ABOUT THIS EXERCISE – Each line of the data is to be output verbatim, with the images removed.

BEGIN INFORMATION SHOWN

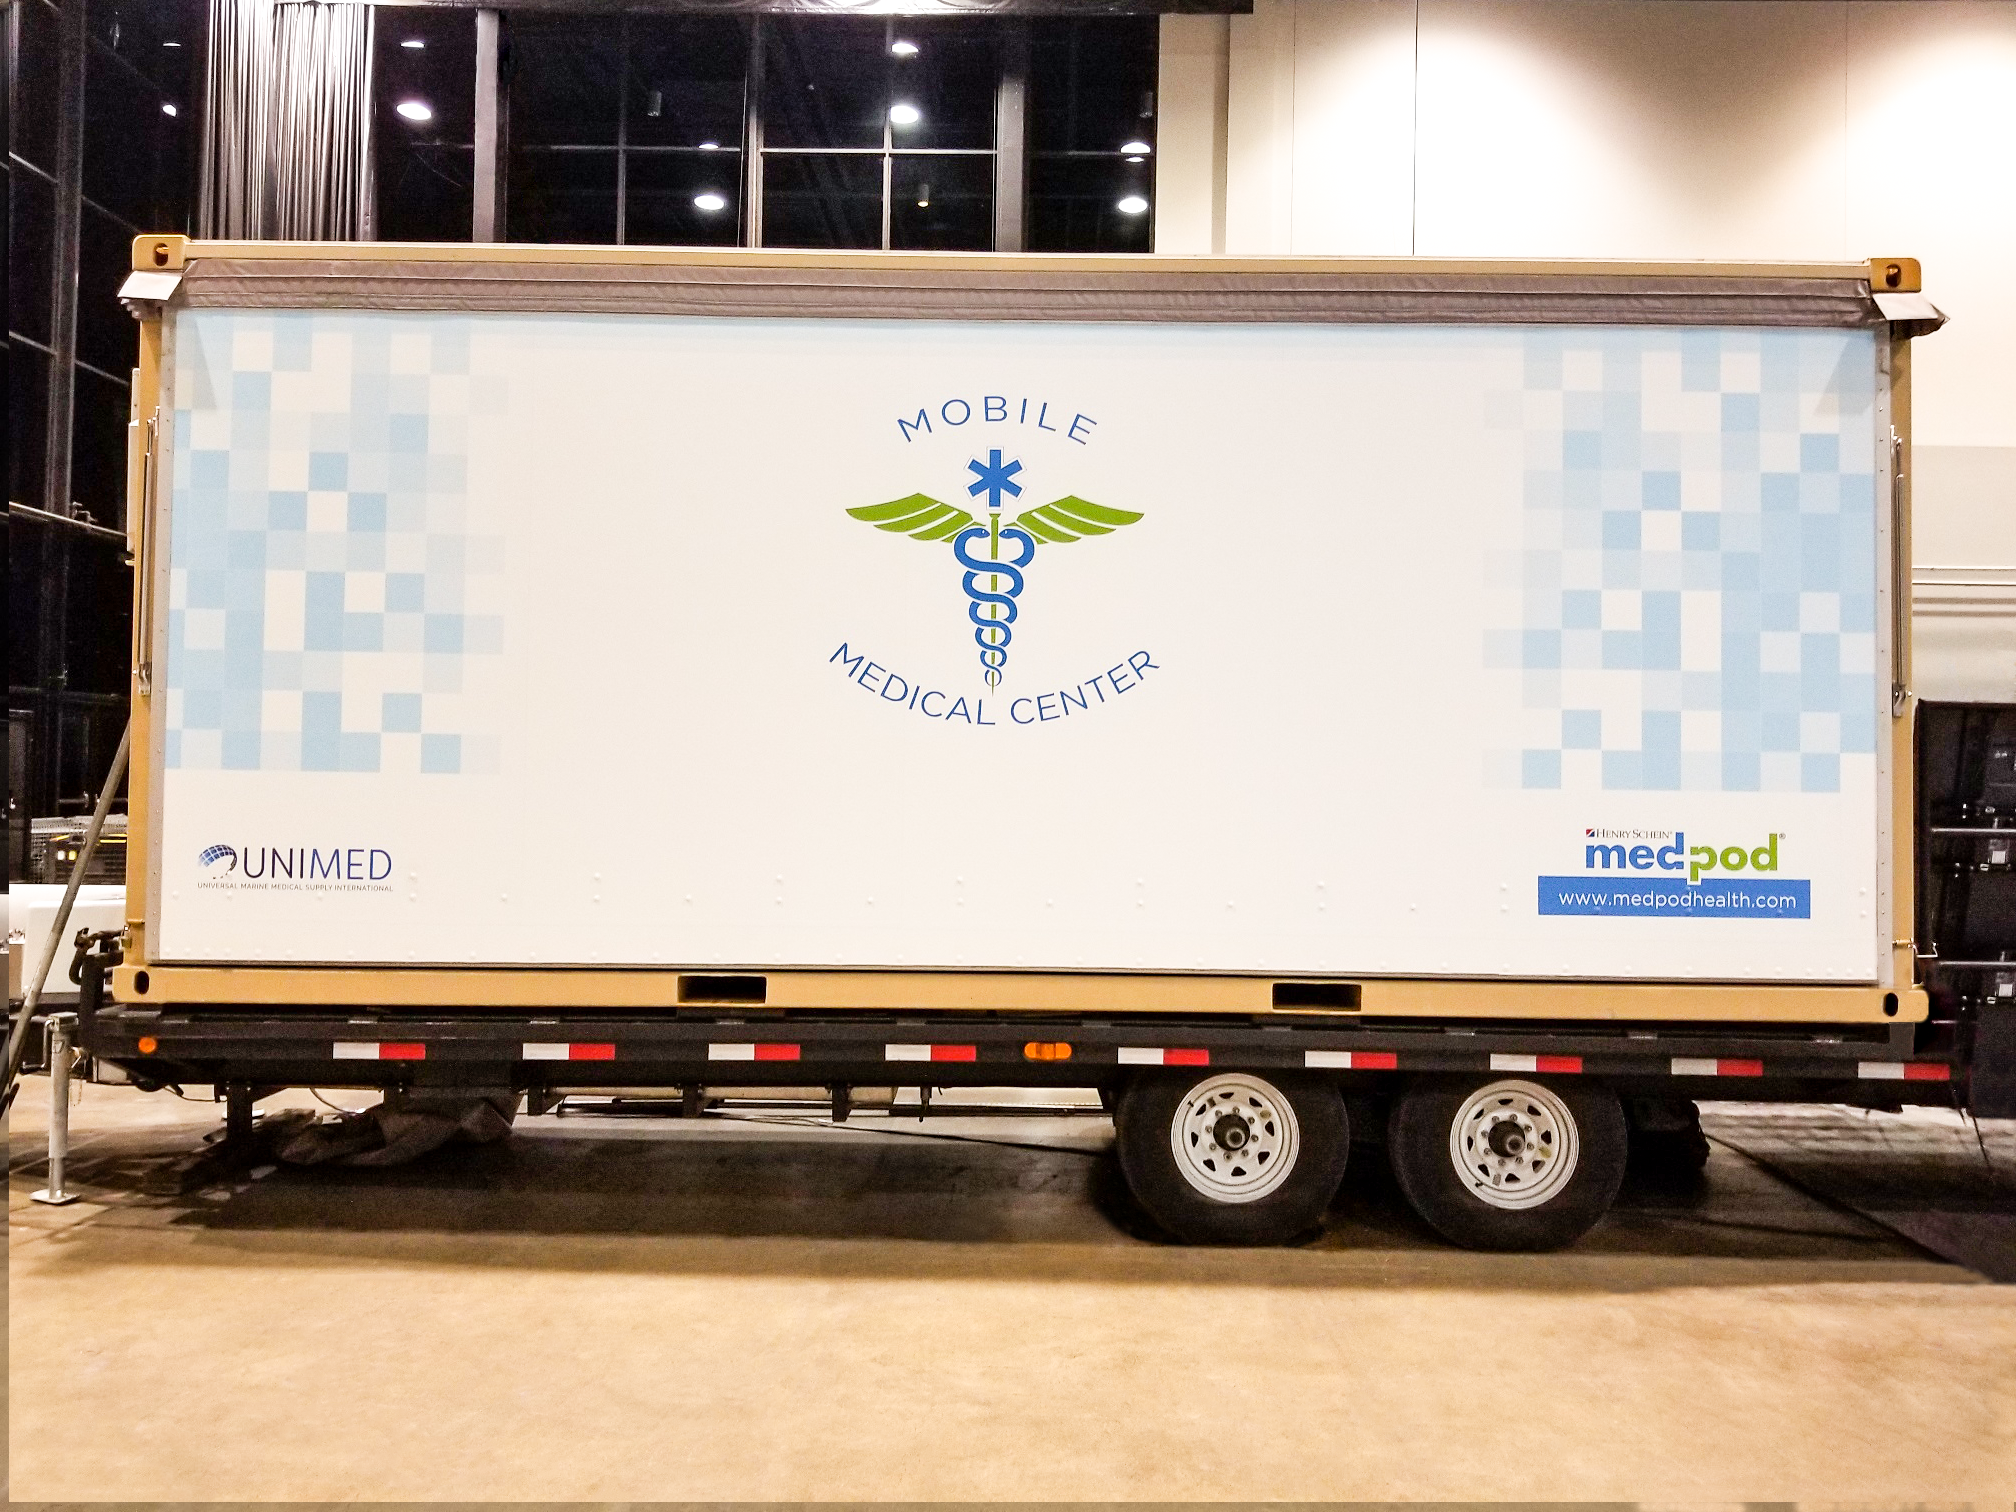 Mobile medical center custom wrapped trailer. 
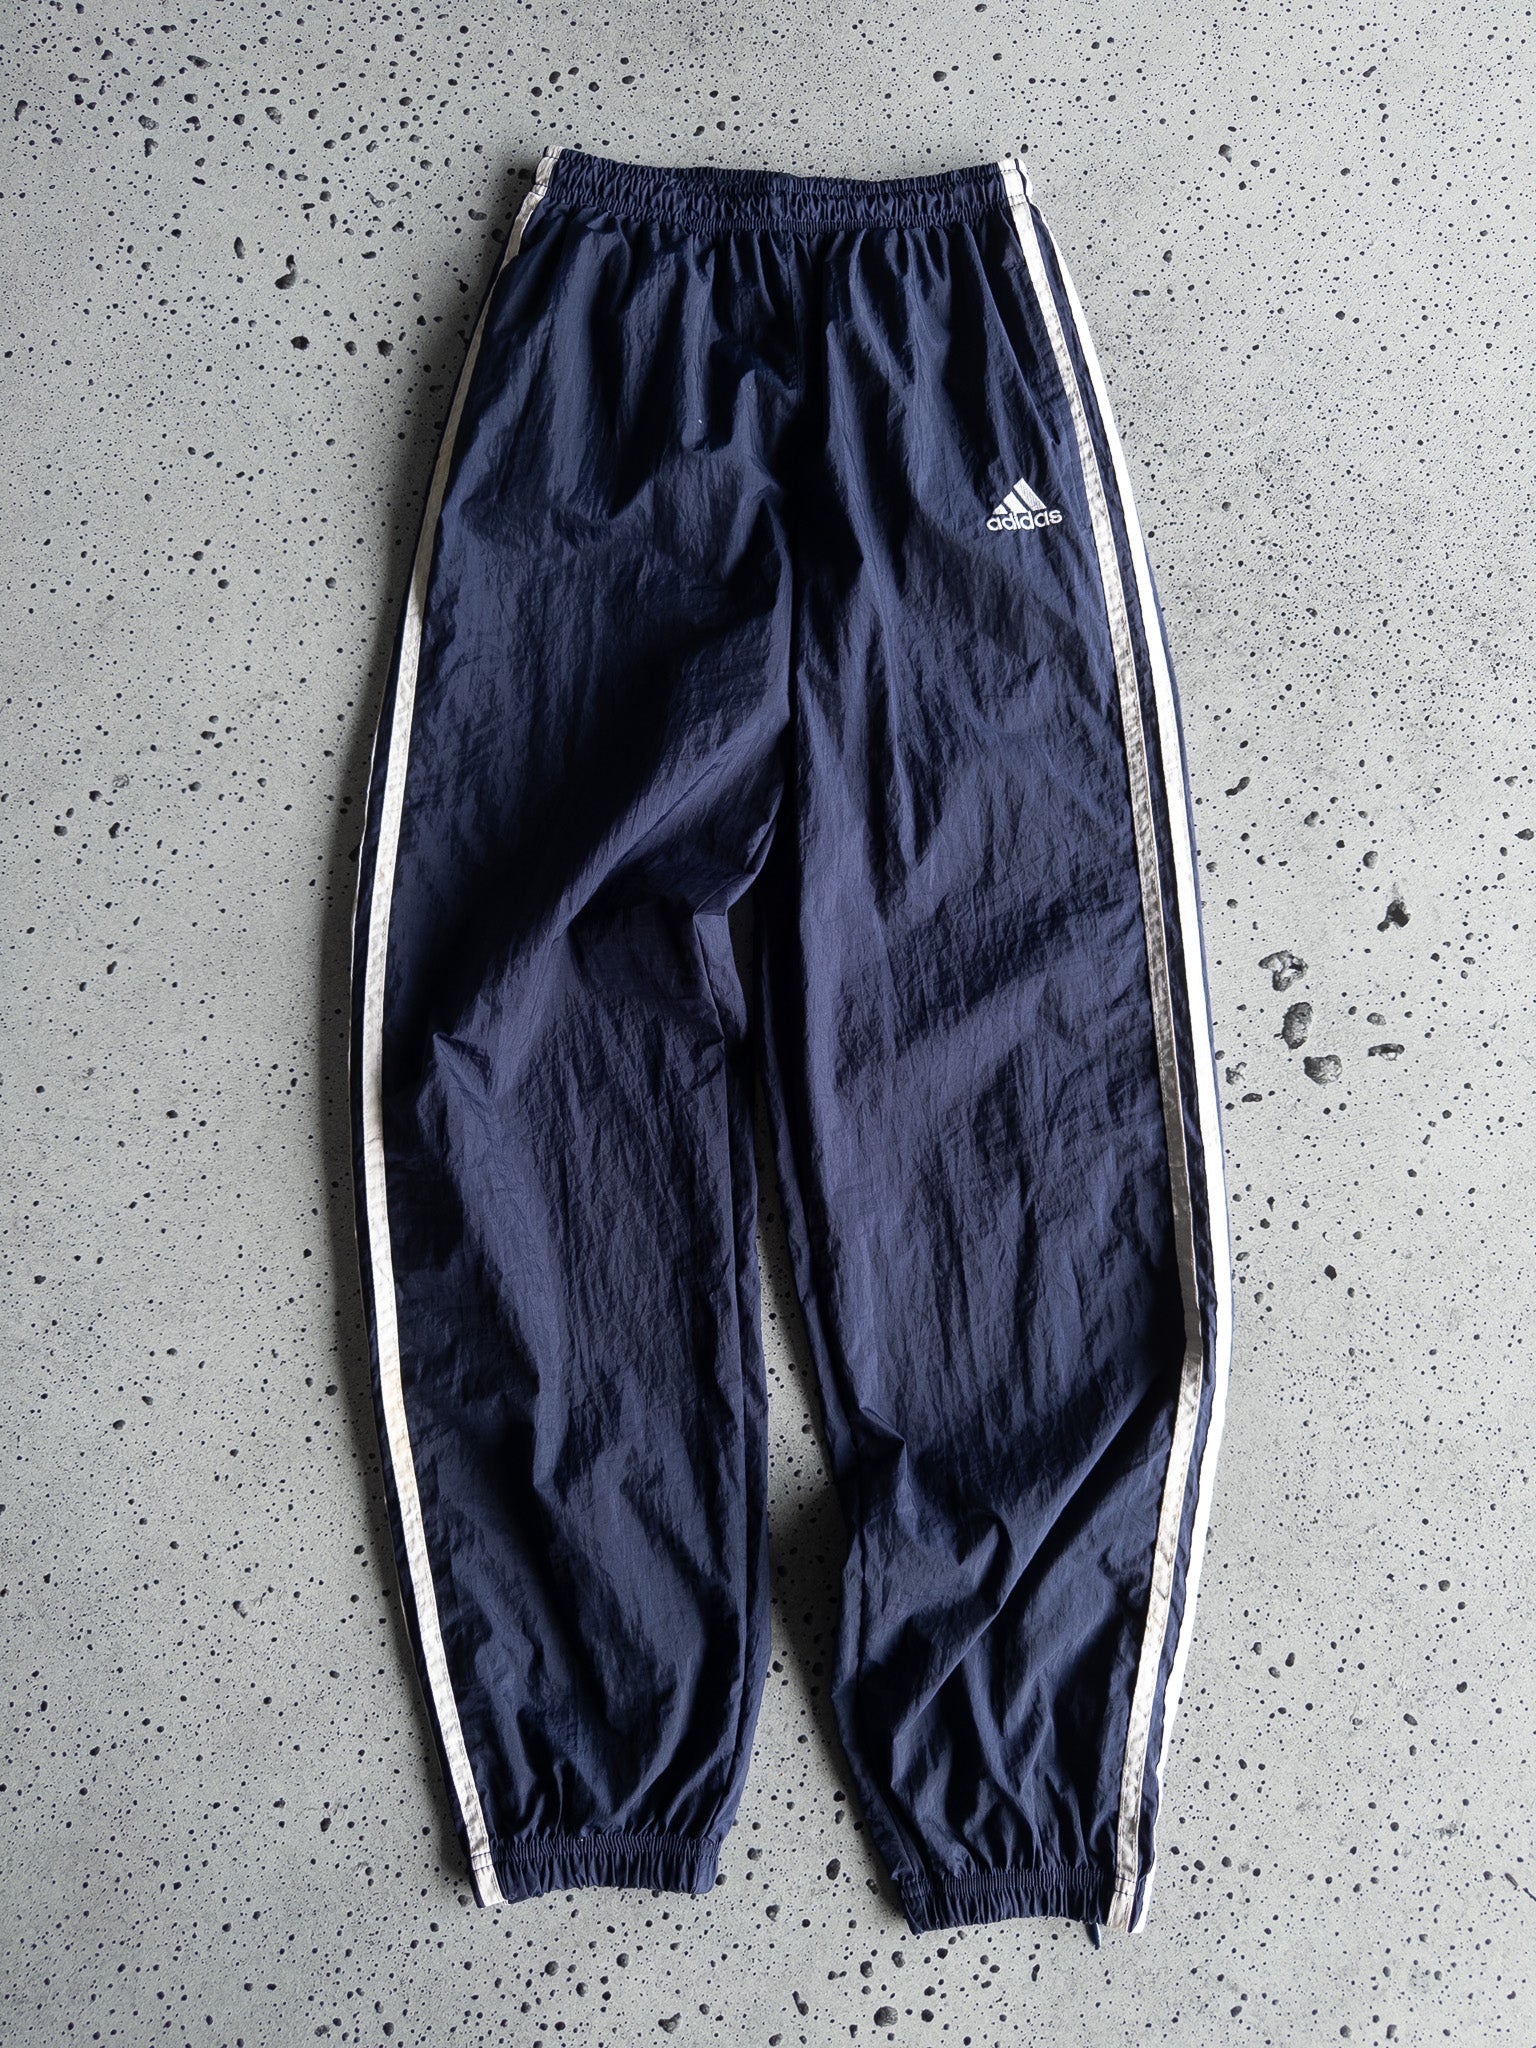 Vintage Adidas Track Pants (S)
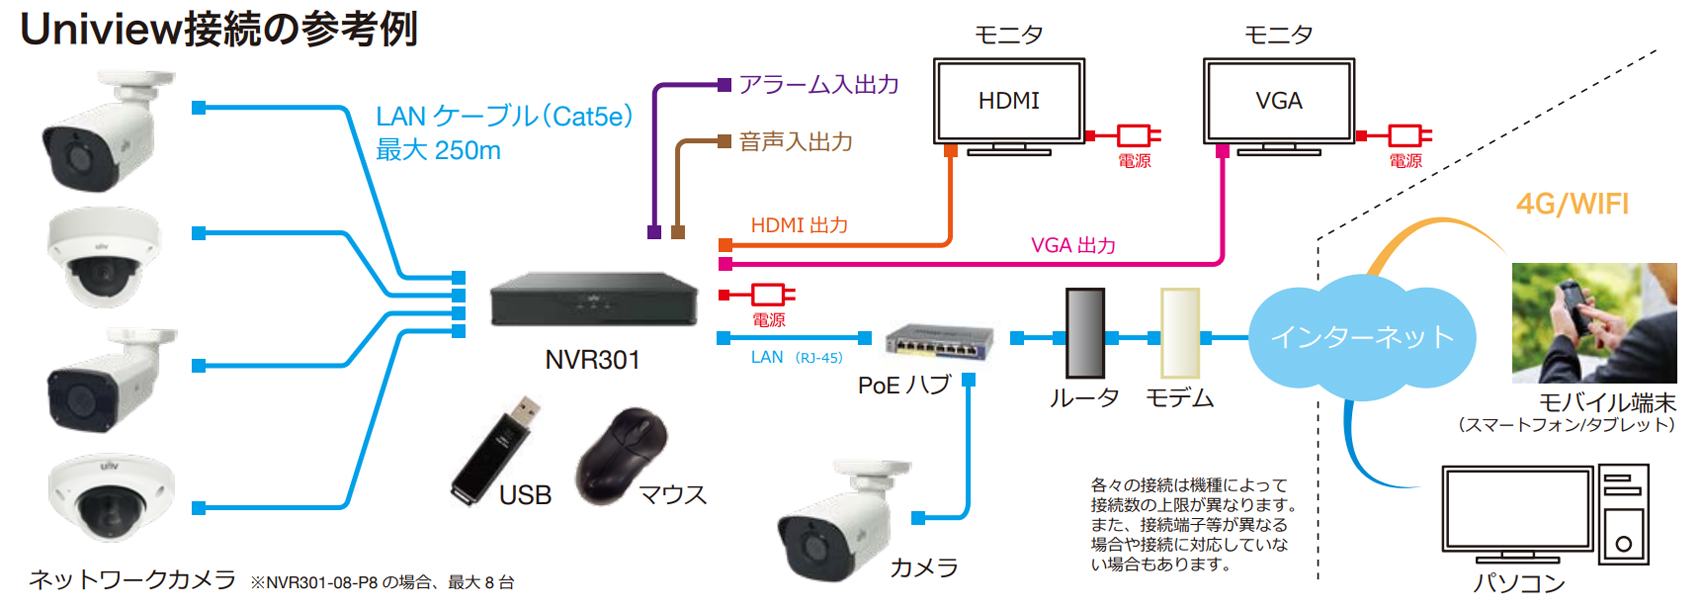 NVR301-04X-P4 PoEポート搭載4chネットワークビデオレコーダー

END INFORMATION SHOWN

THE ANSWER –
 Mobile medical center custom wrapped trailer. 
 Vintage Adidas Track Pants (S)
 NVR301-04X-P4 PoEポート搭載4chネットワークビデオレコーダー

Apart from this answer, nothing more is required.